● **Exercise goal**
Give all the lines below again, exactly, with no pictures.

● **The data**

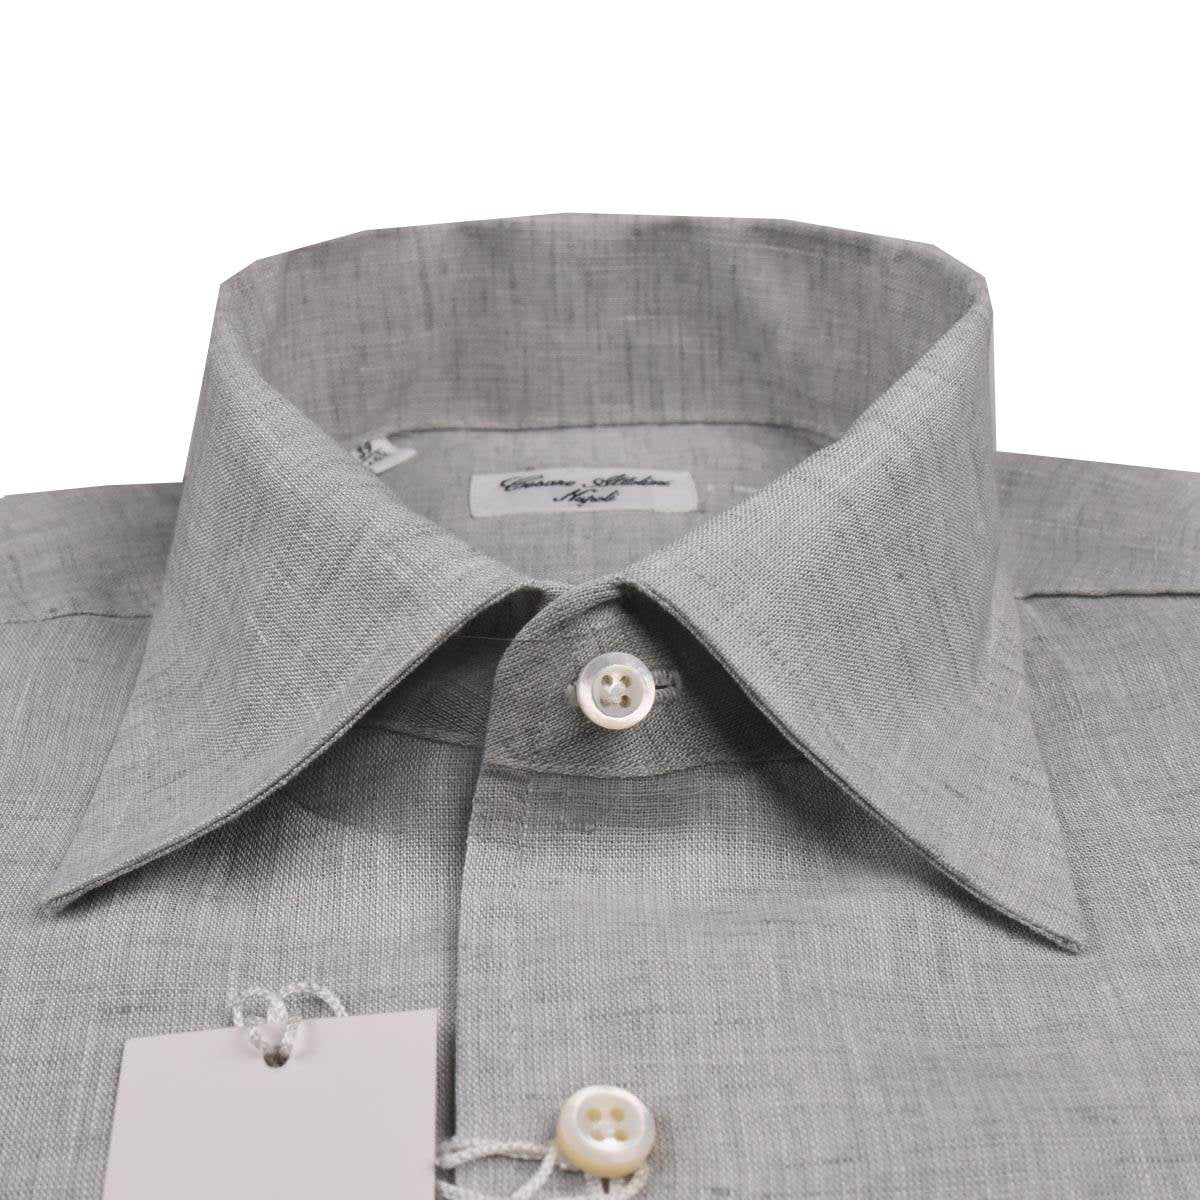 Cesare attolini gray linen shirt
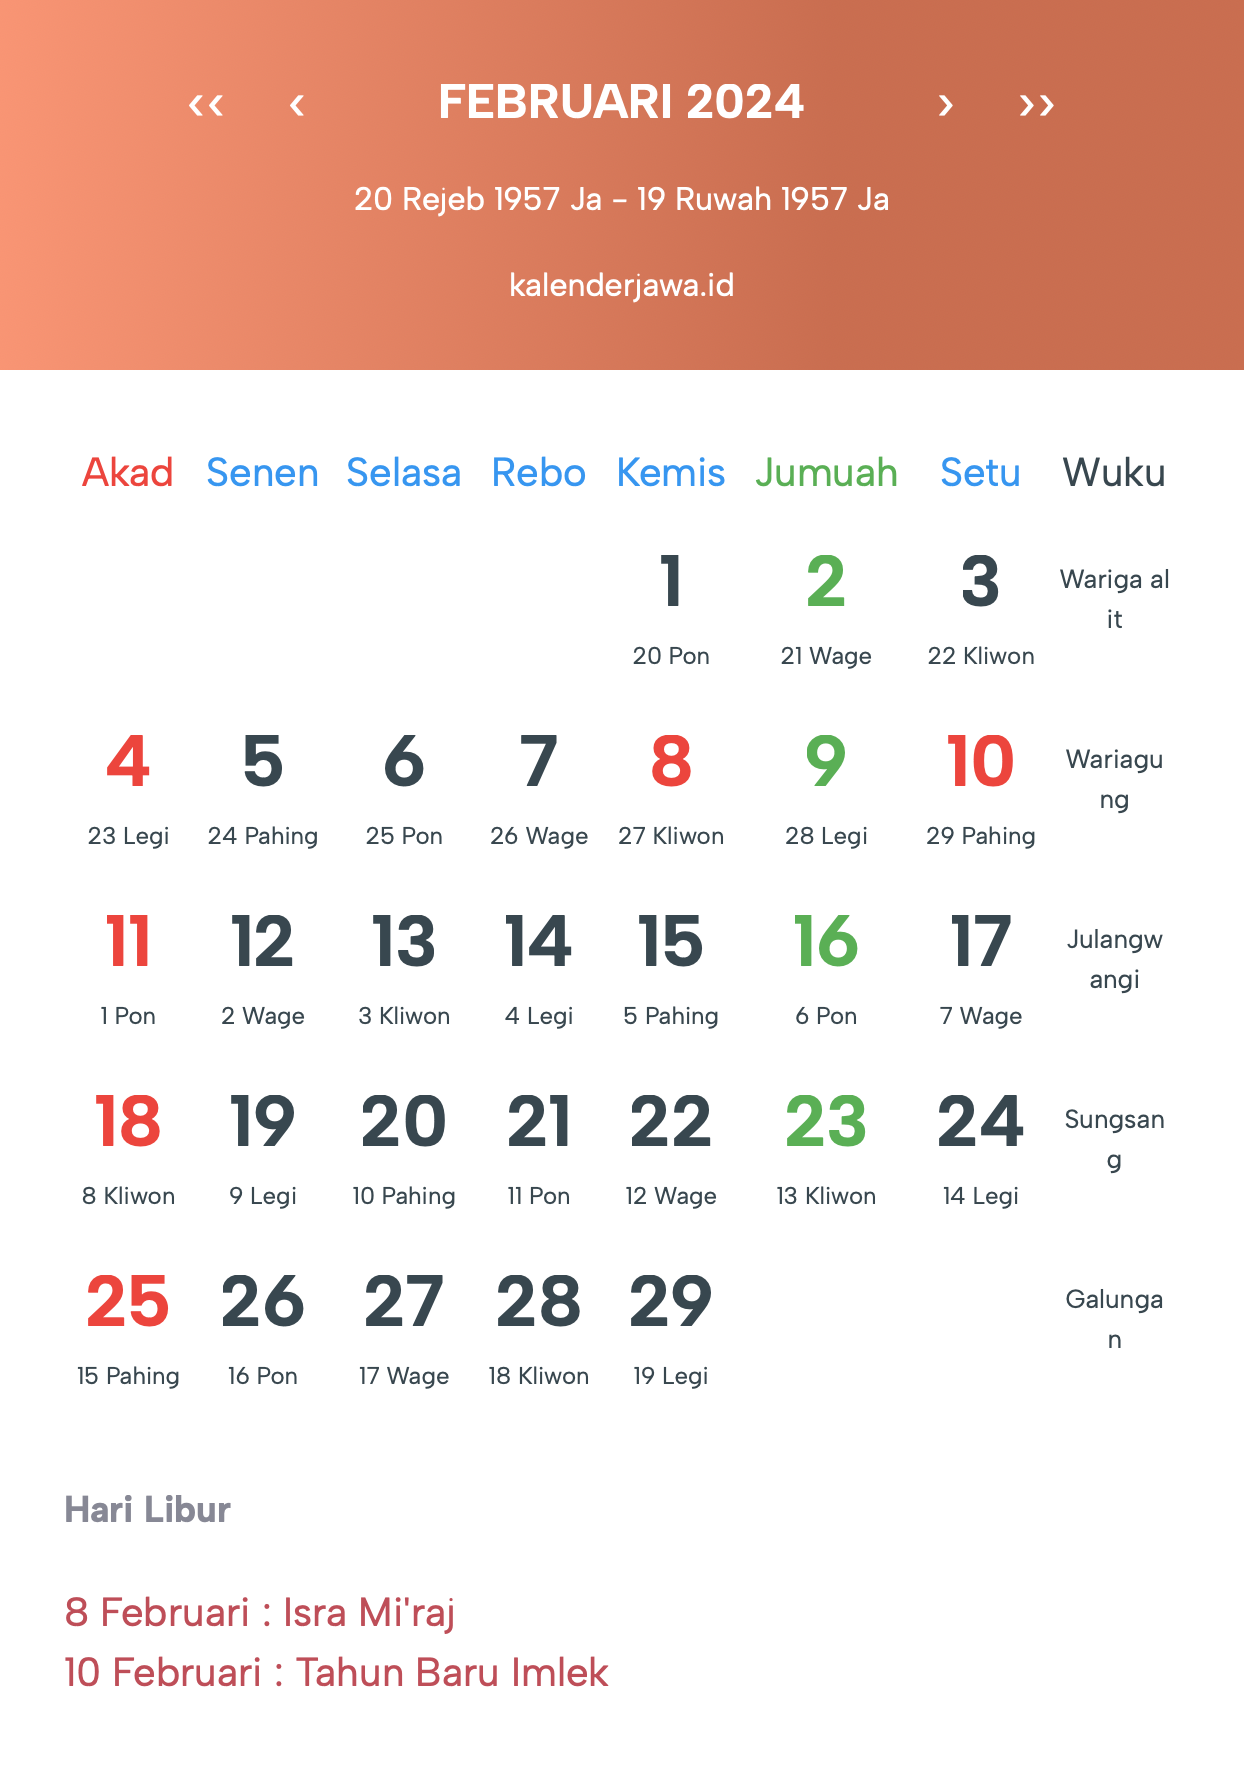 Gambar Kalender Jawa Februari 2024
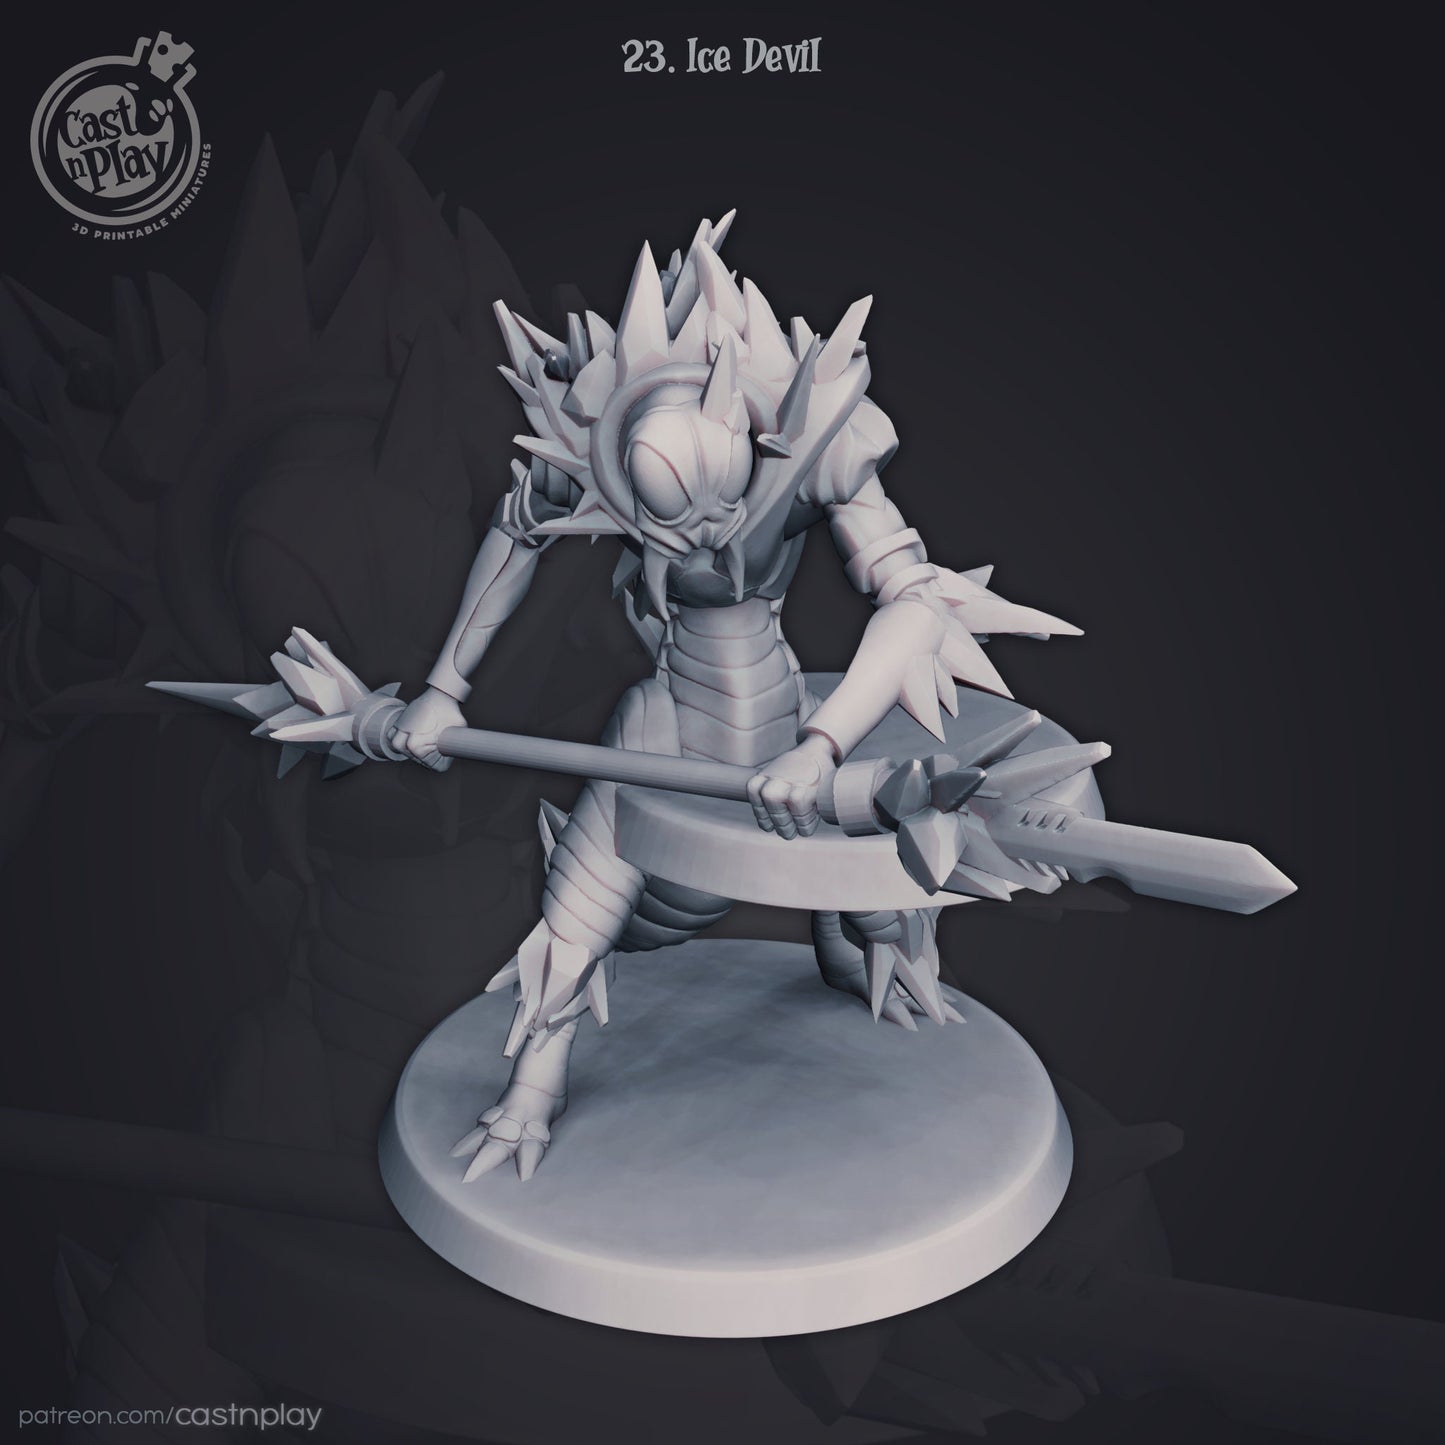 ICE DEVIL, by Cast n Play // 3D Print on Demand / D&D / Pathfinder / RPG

● **Task response**
 Cesare attolini gray linen shirt
 Gambar Kalender Jawa Februari 2024
 ICE DEVIL, by Cast n Play // 3D Print on Demand / D&D / Pathfinder / RPG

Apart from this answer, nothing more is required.